▸ **What is required**: Exact transcription of the data below is required, without the images.

▸ **Data block**:
-------
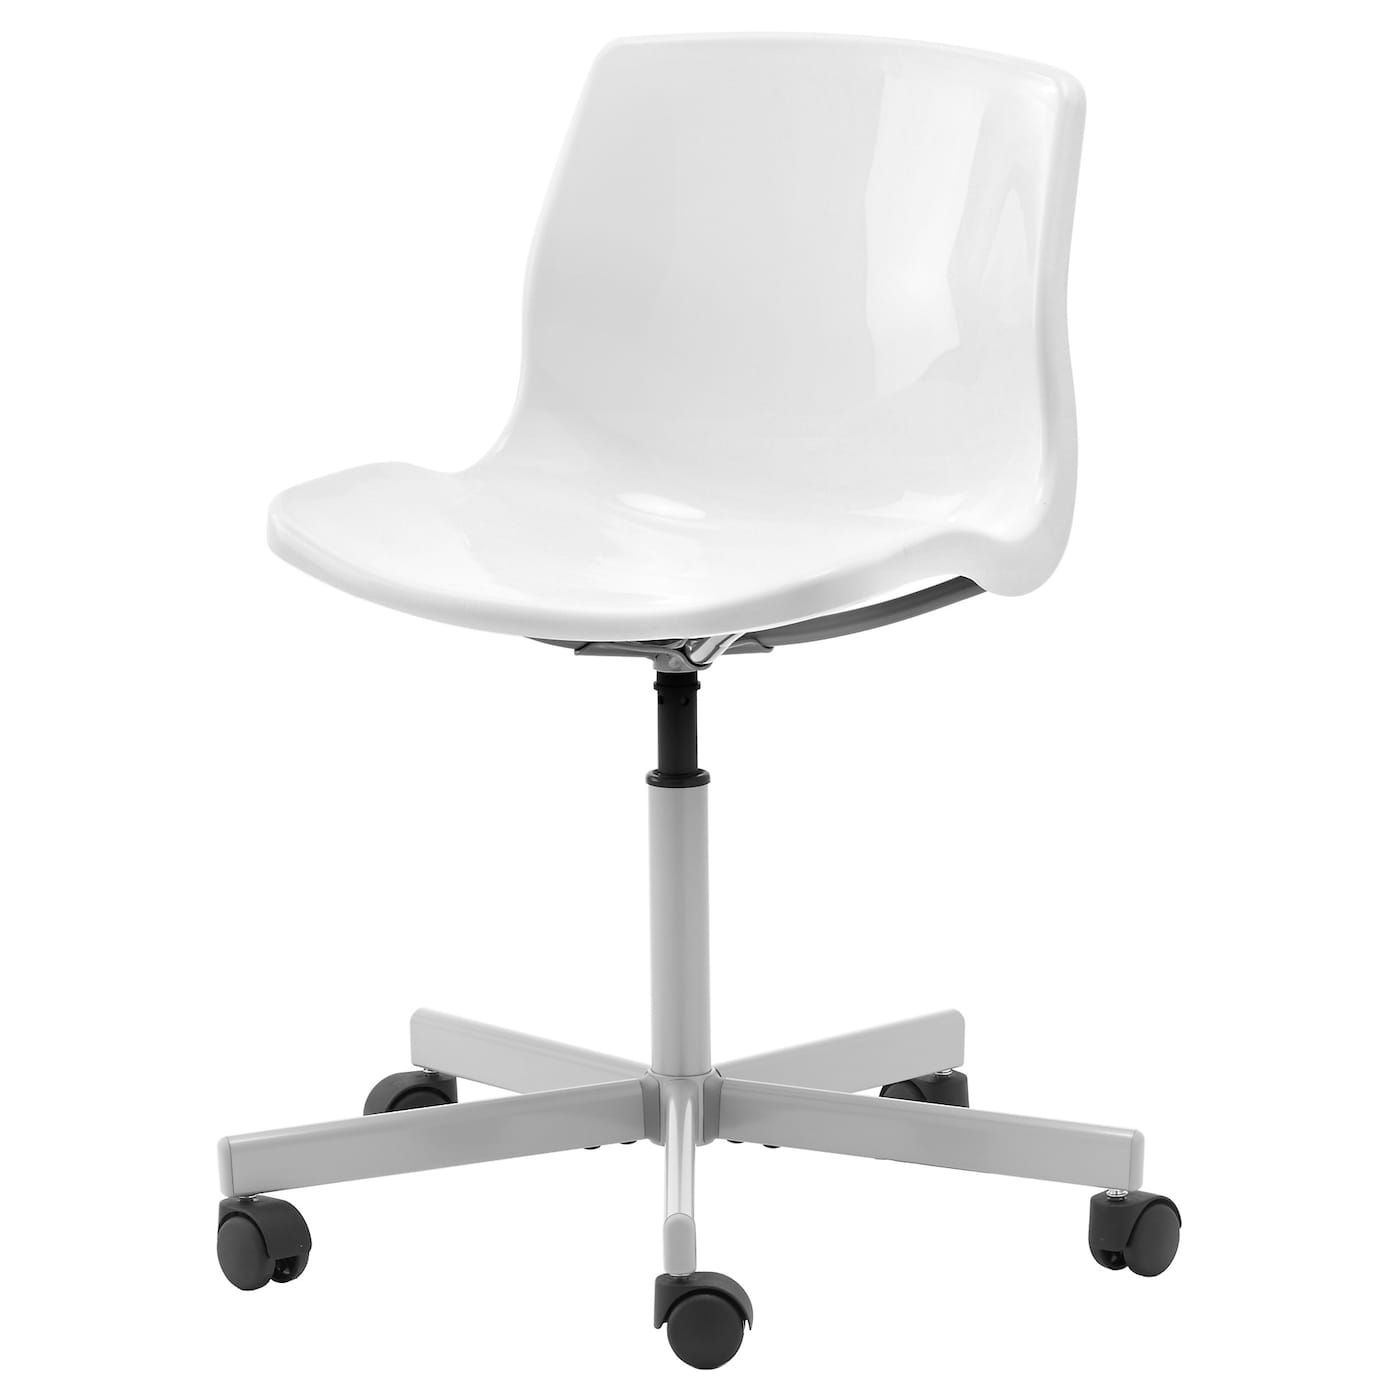 Ikea Us Furniture And Home Furnishings White Desk Chair Ikea Chair Ikea Desk Chair
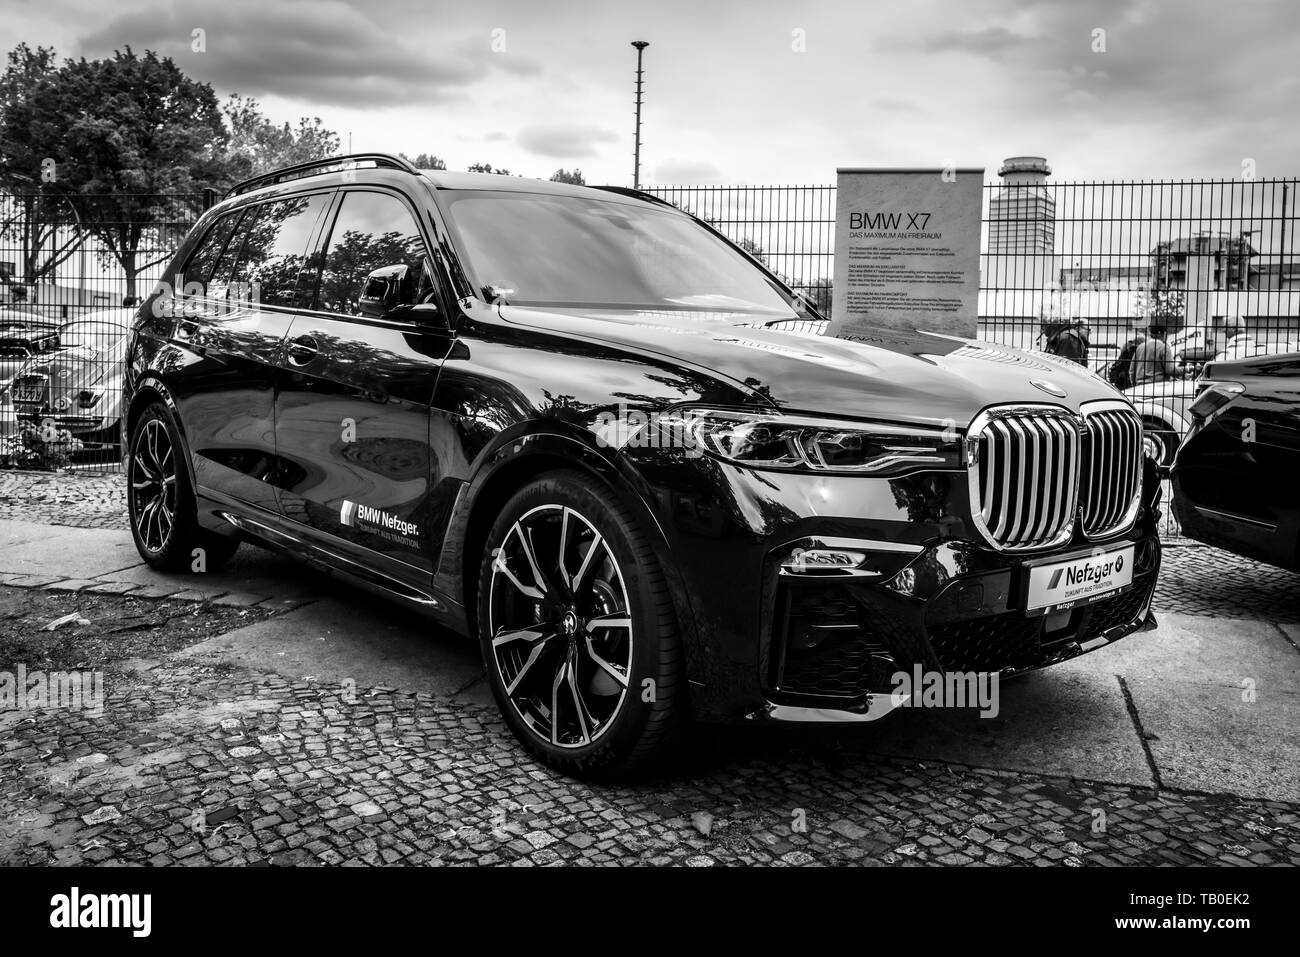 Berlin May 11 2019 Full Size Luxury Suv Bmw X7 Xdrive40i Black And White 32th Berlin Brandenburg Oldtimer Day Stock Photo Alamy
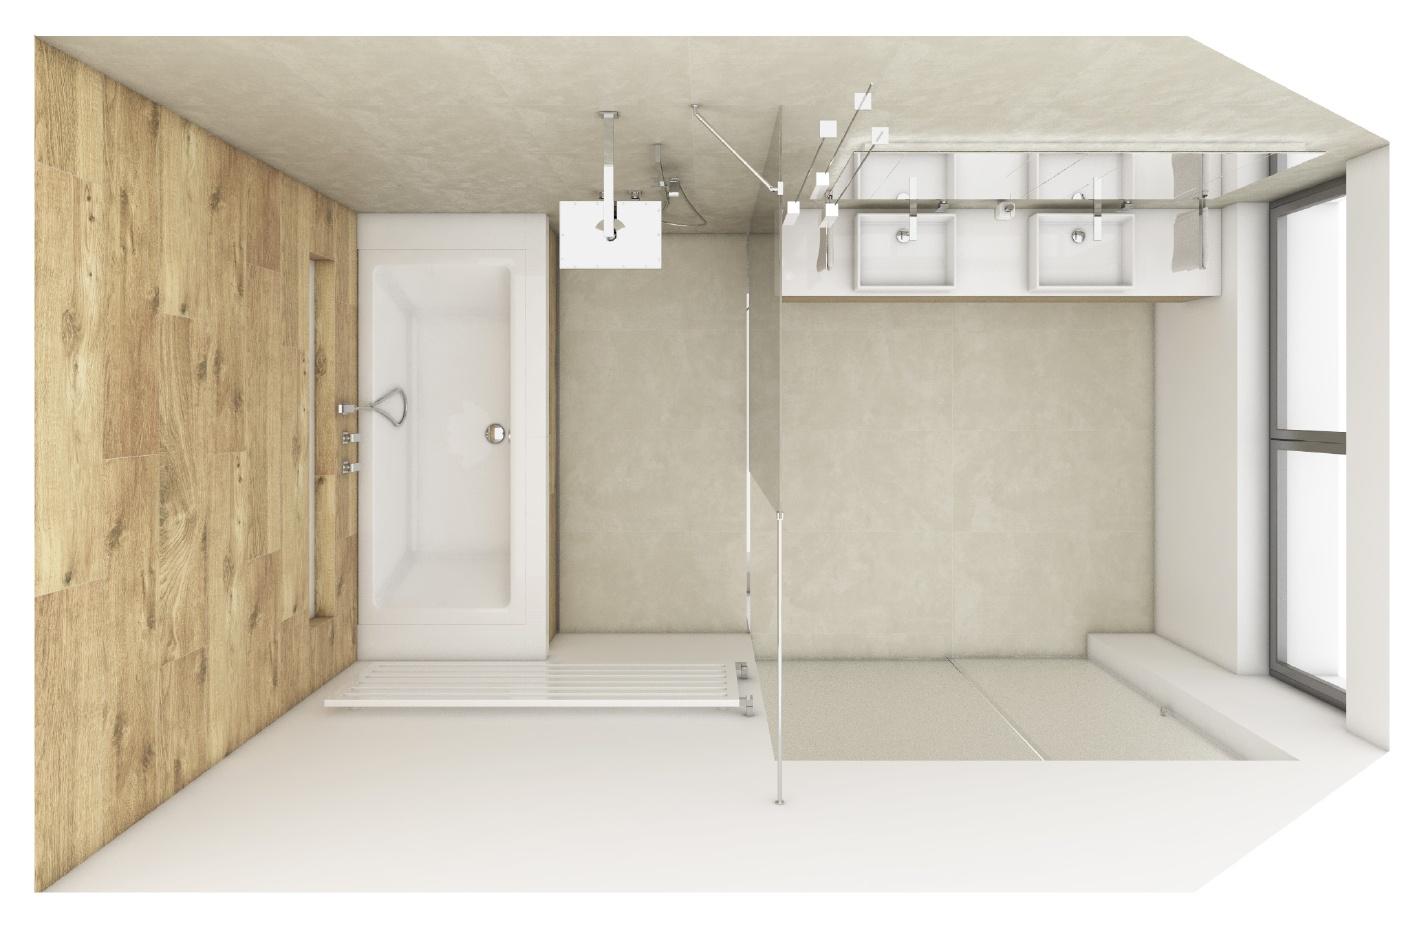 Moderne Badezimmer Grundrisse ? Bitmoon.info Badezimmer Grundriss
-------
▸ **Exercise response**:
 Ikea Us Furniture And Home Furnishings White Desk Chair Ikea Chair Ikea Desk Chair
 Berlin May 11 2019 Full Size Luxury Suv Bmw X7 Xdrive40i Black And White 32th Berlin Brandenburg Oldtimer Day Stock Photo Alamy
 Moderne Badezimmer Grundrisse ? Bitmoon.info Badezimmer Grundriss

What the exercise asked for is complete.